## What the task asks:
The reply should hold only the lines from the one with "Pursue Top-Ranked Degree" to the one with "Creamy Butter Cookies", both ends kept, exactly as they appear below, without any pictures.

## Records for this task:
# # #

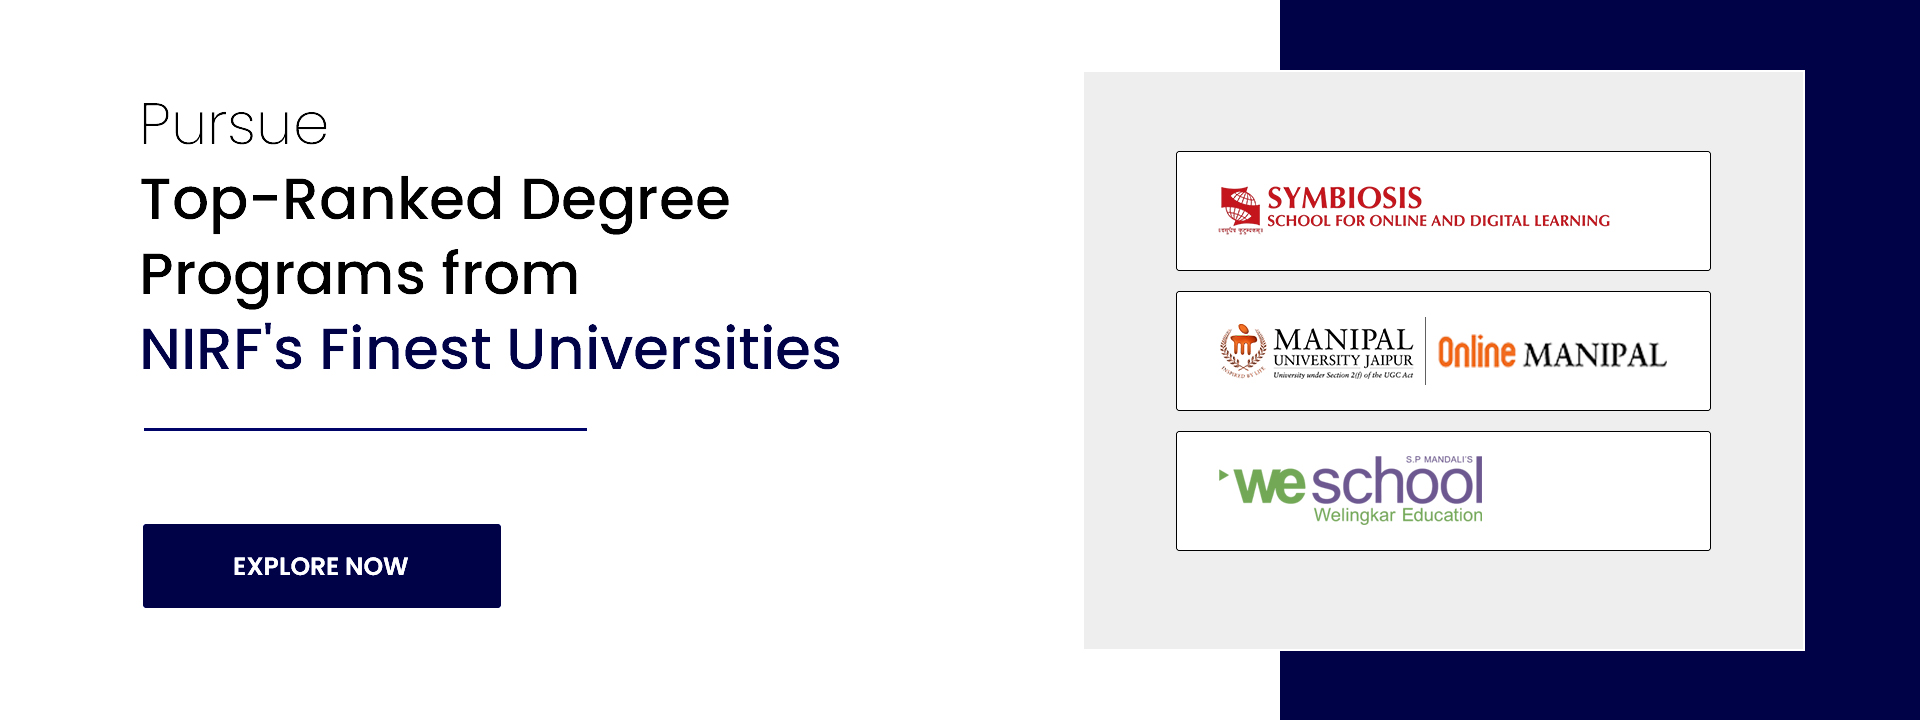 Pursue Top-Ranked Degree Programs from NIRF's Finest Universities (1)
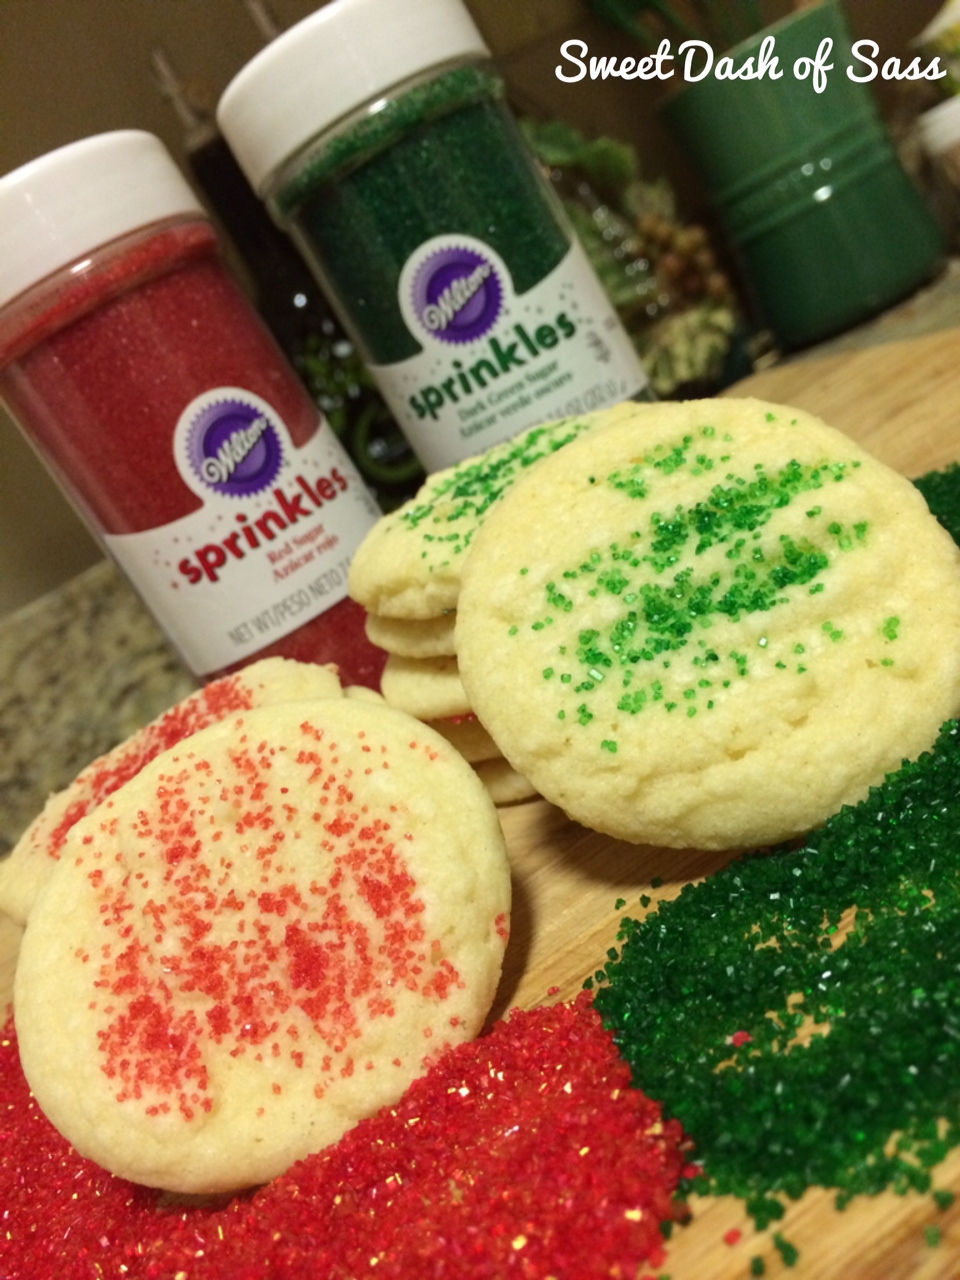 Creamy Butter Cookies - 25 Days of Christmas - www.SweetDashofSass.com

# # #

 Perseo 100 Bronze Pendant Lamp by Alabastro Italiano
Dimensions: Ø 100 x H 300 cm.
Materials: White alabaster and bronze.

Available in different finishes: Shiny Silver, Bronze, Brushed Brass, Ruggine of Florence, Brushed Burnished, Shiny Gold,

# # #

## Solved problem:
 Pursue Top-Ranked Degree Programs from NIRF's Finest Universities (1)
 Creamy Butter Cookies - 25 Days of Christmas - www.SweetDashofSass.com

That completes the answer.